お風呂に入り、エルの髪を乾かし終えて、一緒にベッドへ入った時にエルに問われた。
「特に理由はないよ」
ただ邪魔になりたくないのと、誰かに傅かれる事に慣れないだけだ。
「ハーツとも会ってない?」
「会えてないね」
会えていないだけで連絡はある。領事館の通信を通して間接的にだけど。
「王ってそんなに自由がないもの?」
「どうだろうね? 交代したばかりだから仕事がたくさんあるんじゃないかな?」
これはハーツの弟のアルチェから聞いたのだけど、前王の伴侶と長兄が王の仕事を手伝っていたらしい。だから紘伊も手伝う方が良いと助言されたが、獣人国のルールさえも知らない紘伊が何の手助けになるのか。むしろ邪魔だし、アルチェが手伝った方が国民の反感もかわないだろうし、納得も行くだろう。

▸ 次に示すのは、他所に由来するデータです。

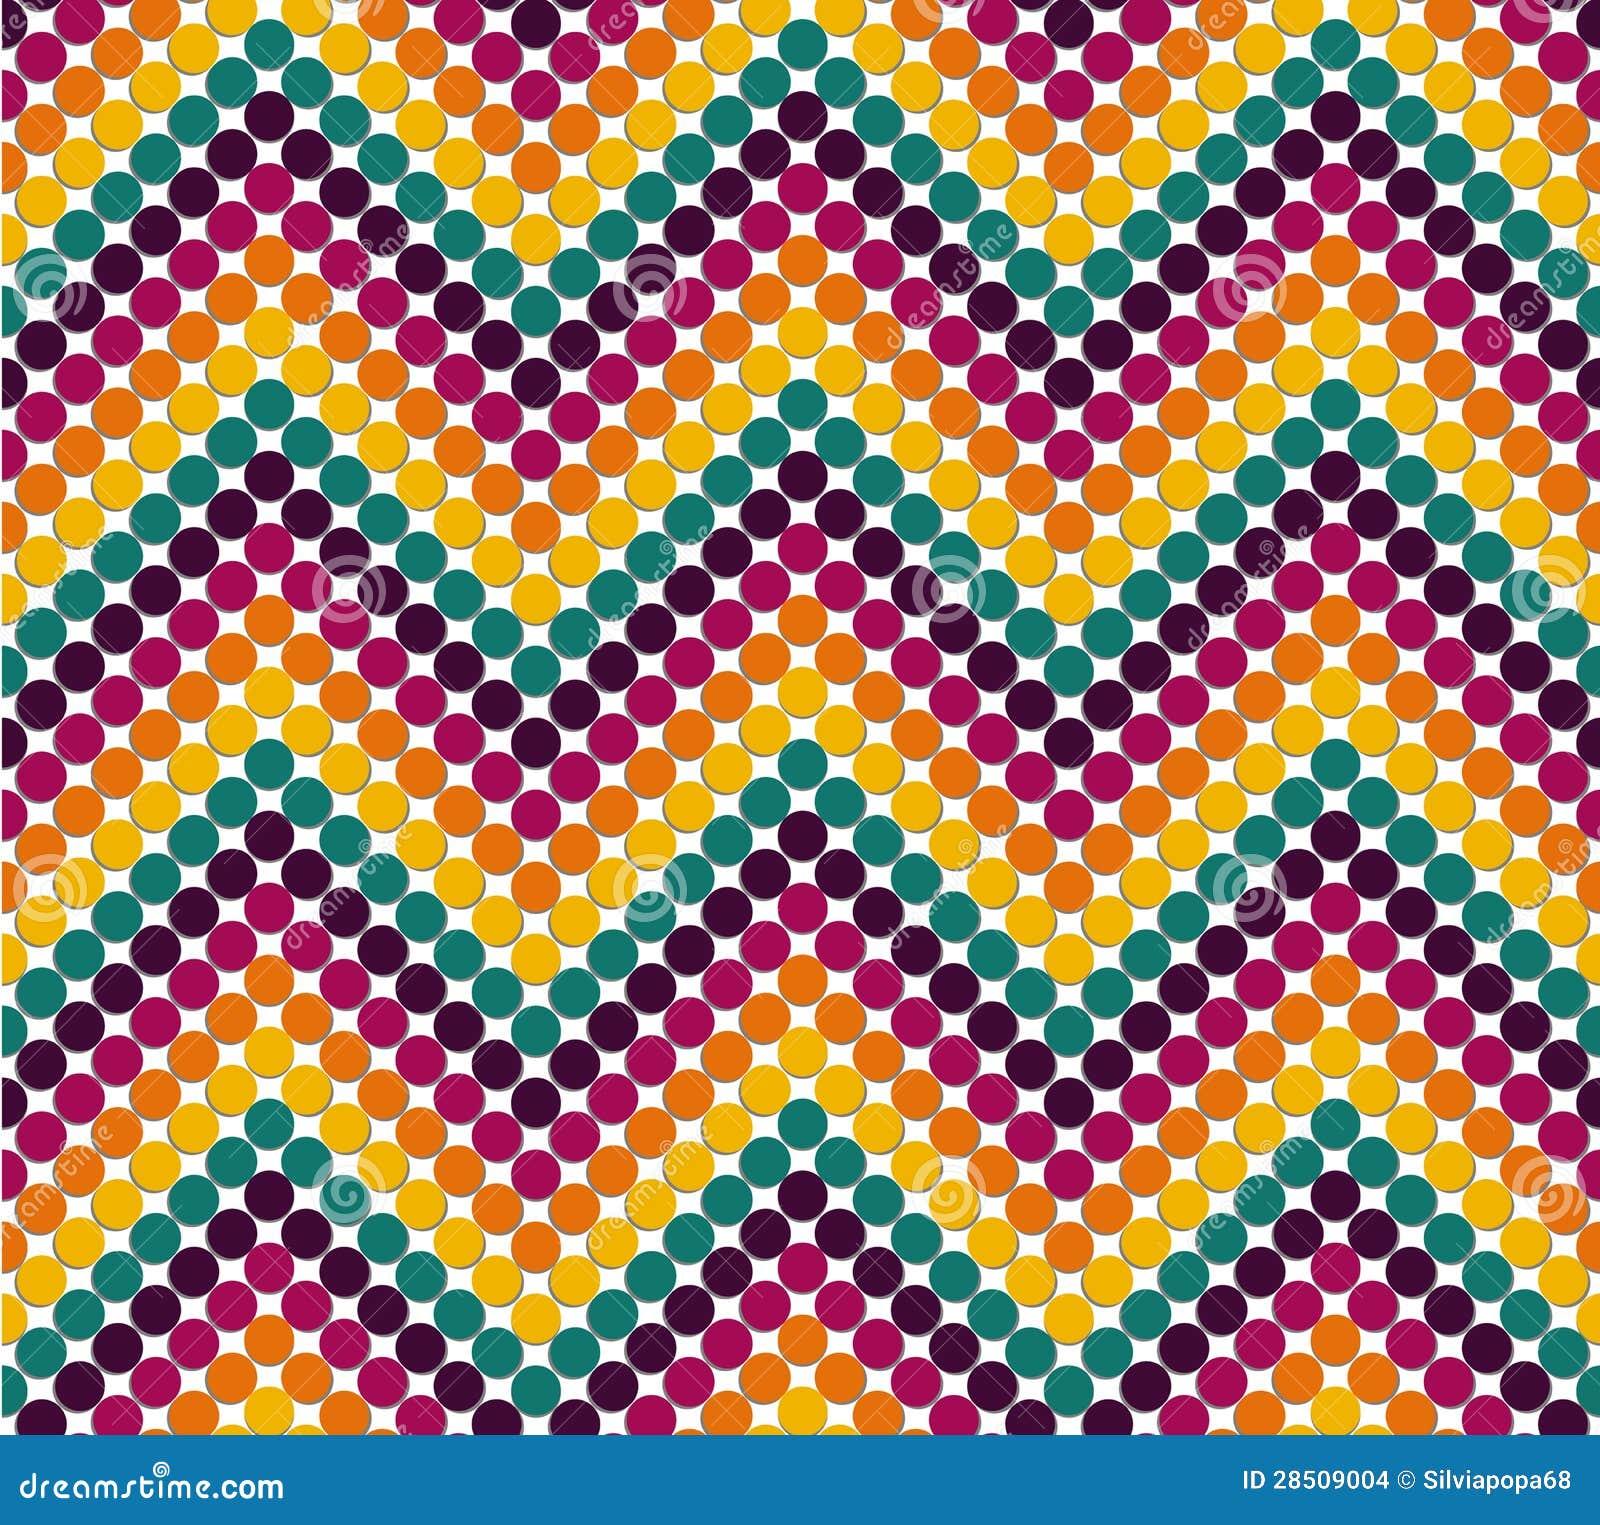 zigzag pattern in cute color stock illustration illustration of illusion retro 28509004. Black Bedroom Furniture Sets. Home Design Ideas

「ハーツはみんなの為にお仕事をしているんだから、会えないからってわがまま言うのも違うだろ? こうやってエルが一緒にいてくれるし、ここのみんなも良くしてくれてるから、心配はいらないよ」
そう言った紘伊をエルは信用できないらしく、至近距離でじーっと目を見つめられた。
「ほんとう?」
「エルは優しいね」
ここでの暮らしは充実してしている。たまに仲良さそうなツガイを街中にみつけては良いなと思うけど、この道を選んだのは紘伊だ。もう少しすればハーツの忙しさも落ち着くと聞いている。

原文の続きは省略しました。